Schon’s thoughts about coaching follow from his insight that students educate themselves only by first doing what they “…do not yet understand”, and for this process to go especially well, the services of, not precisely a teacher, but a coach, are required. He describes three components of effective coaching: “…setting and solving the substantial problems of performance; tailoring demonstration or description to a student’s particular needs; and creating a relationship conducive to learning” (1987, p. 182). This describes the practice of learning strategy work with students very well, and our approach, while perhaps using different terminology, invokes these three elements. We are attentive to the environment we set, aiming for welcome and hospitality and fitness for learning, we take time to assess the whole student situation in all its relevant detail, and we teach and model and guide towards improvements specific to the student’s situation. He goes on to describe three models of coaching that extend those insights and that can be applied in different situations: He calls these:
- Follow Me – teacher demonstrates something to be emulated
- Joint Experimentation – a collaborative venture, teacher, more knowledgeable, resists solving the problem, but presents possibilities from which student chooses
- Hall of Mirrors – teacher and student reflect together on the ambiguities, seeing together the errors and failures as opportunities for learning
Implications for learning strategy work
The concept of coaching is informed by many disciplines, sports coaching, life coaching, career coaching, etc. Donald Schon’s conception of professional coaching is but one among many that can be drawn upon here – one that I think is especially relevant. The foregoing was an unfairly brief account of his ideas but captured there are two helpful heuristics when working with students as a Learning Strategist.
The first is his three components of effective coaching:
- Setting and solving the substantial problems of performance
- Tailoring demonstration or description to a student’s particular needs
- Creating a relationship conducive to learning
And the second is his three models of coaching:
- Follow Me
- Join Experimentation
- Hall of Mirrors
Think of the “three components” as your prerequisite higher-level goals as a learning coach and the “three models” as the methods at your disposal to meet those goals. Applying these heuristics in your practice will help immeasurably to effectively guide your approach.

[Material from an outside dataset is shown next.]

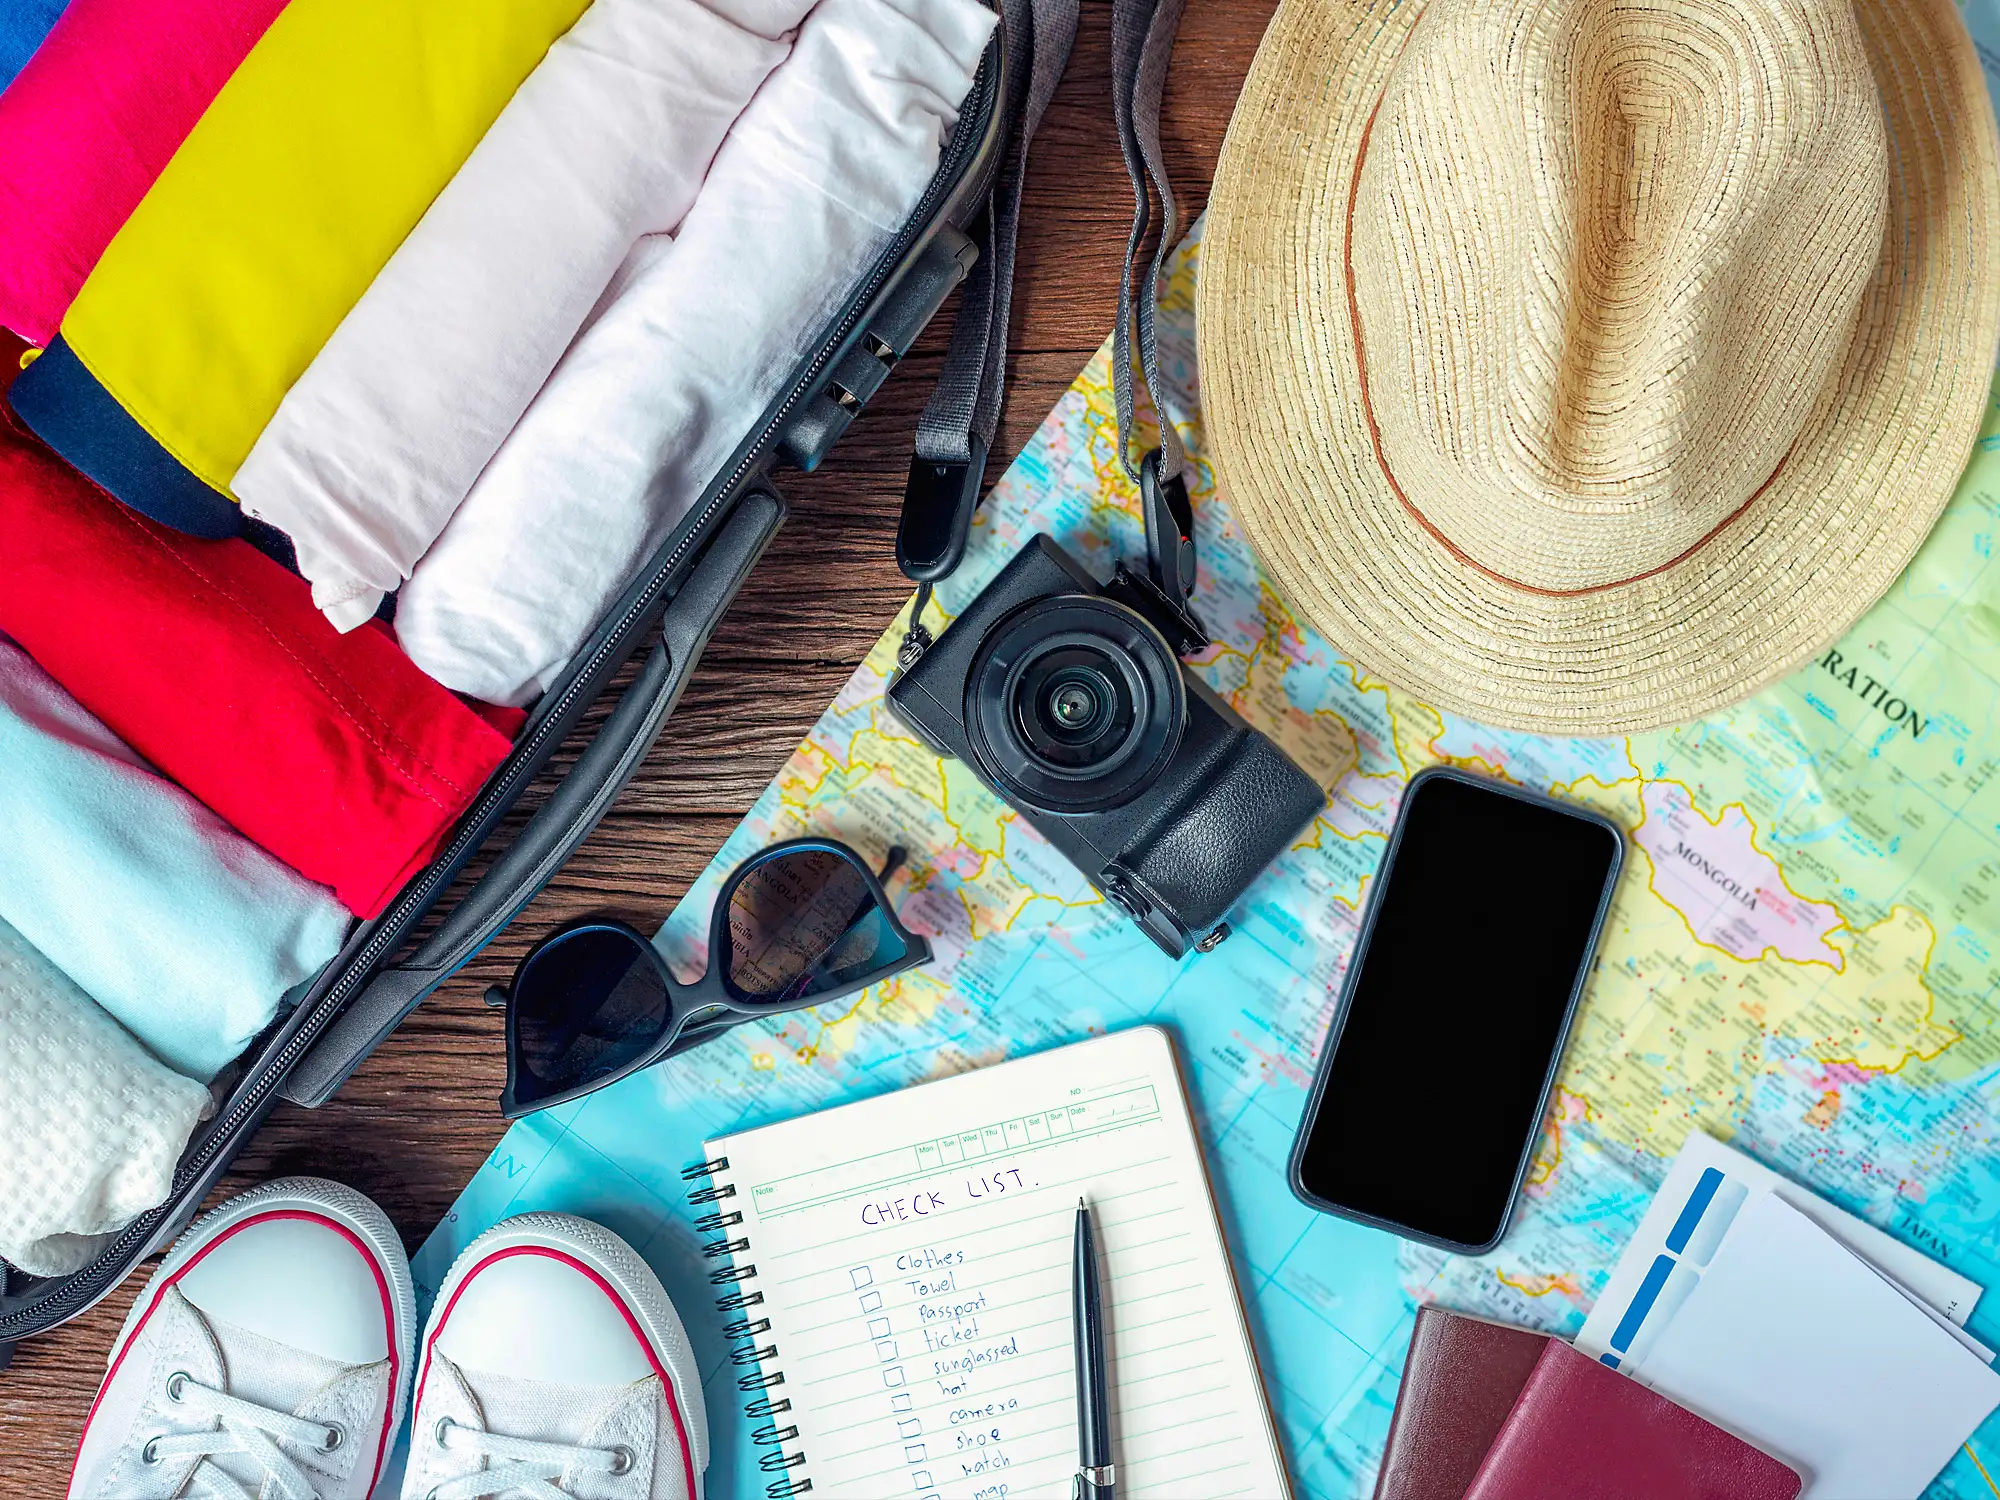 10 Travel Essentials You Need To Make Every Trip Interesting

Transactional Distance (Michael Moore)
Basic idea
Michael Moore developed this theory in the context of distant learning, or technology-mediated learning at a distance, but it has broad applicability to any learning design. The idea is that there exists, in all intentionally designed learning situations, a psychological “distance” between the teacher and the student, a space or threshold of potential misunderstanding. Learning is better when this distance is minimized. Moore suggests there are three variables in any learning situation that can be manipulated with corresponding effects on this transactional distance: structure, dialogue, and learner autonomy. Each of these variables interact with each other, sometimes in inverse relationship.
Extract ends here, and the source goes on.